We may have some unhappy customers looking at this, our users will only be able to use their devices around Fake Street, Flatland Water Tower and the Our Lady of Bandwidth church.
But if we have a look at the scale in the bottom left of the screen that’s understandable, our sites are ~10km apart…
So let’s cheat a little by clicking and dragging on each cell site to bring them closer together, in real life we can’t move sites quite so easily…
You’ll notice our prediction hasn’t changed, so let’s recalculate that by right clicking on our Prediction and selecting Calculate again,
We’ll also set our zoom level from 1:250,000 to something a bit more reasonable like 1:100,000
So now our 3 sites have got one area fairly well covered, let’s throw in a few more sites to expand our footprint a bit.
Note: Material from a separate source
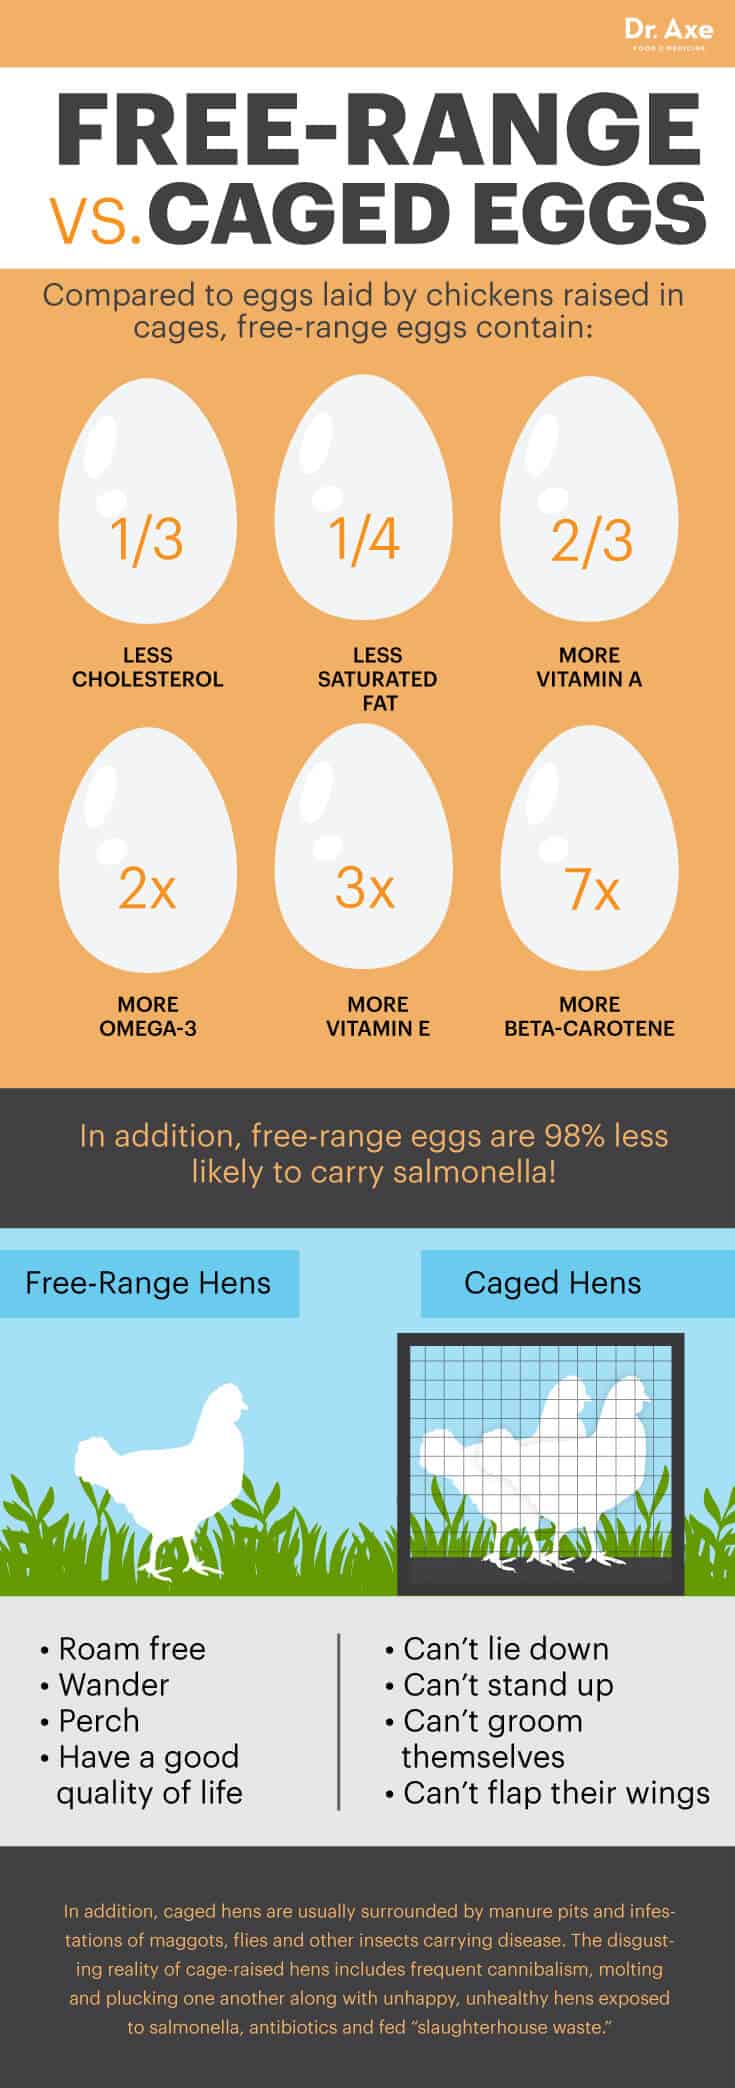 Free-range eggs vs. caged eggs - Dr. Axe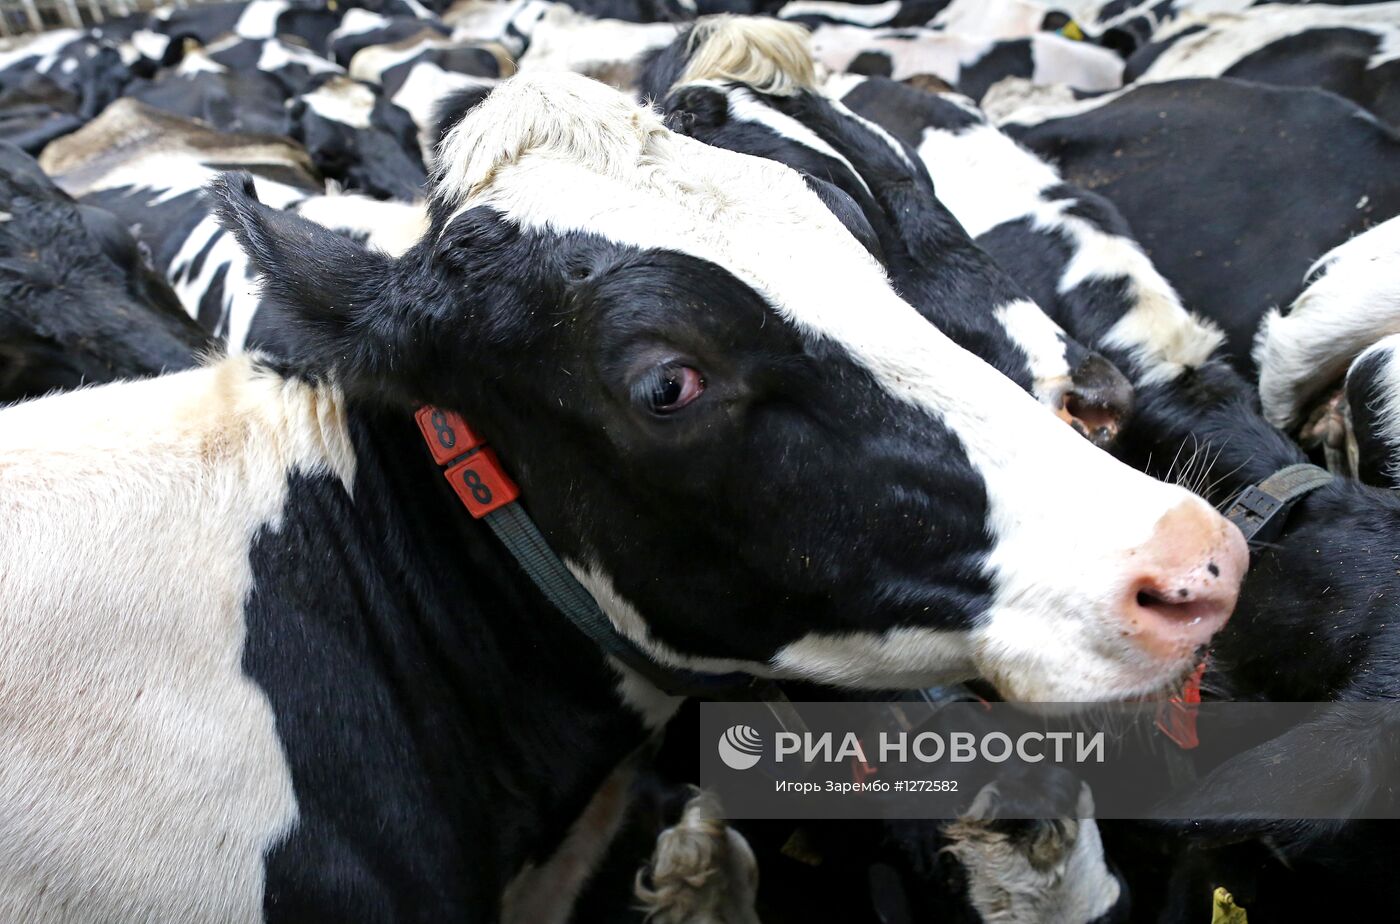 Работа животноводческого комплекса в Калининградской области

We’ll add extra sites as we did at the start, and fill in those coverage gaps.
After we’ve added some extra sites we’ll recalculate our Coverage Predictions and have a look at how we’ve done.
As you can see we’ve done Ok, a few holes in the coverage but mostly covered.
So next let’s do some tweaking to try and increase our predicted coverage,
By clicking on a site’s sector we can reorient the antenna to a different angle, by recalculating the coverage prediction we can see how this effects the predicted coverage.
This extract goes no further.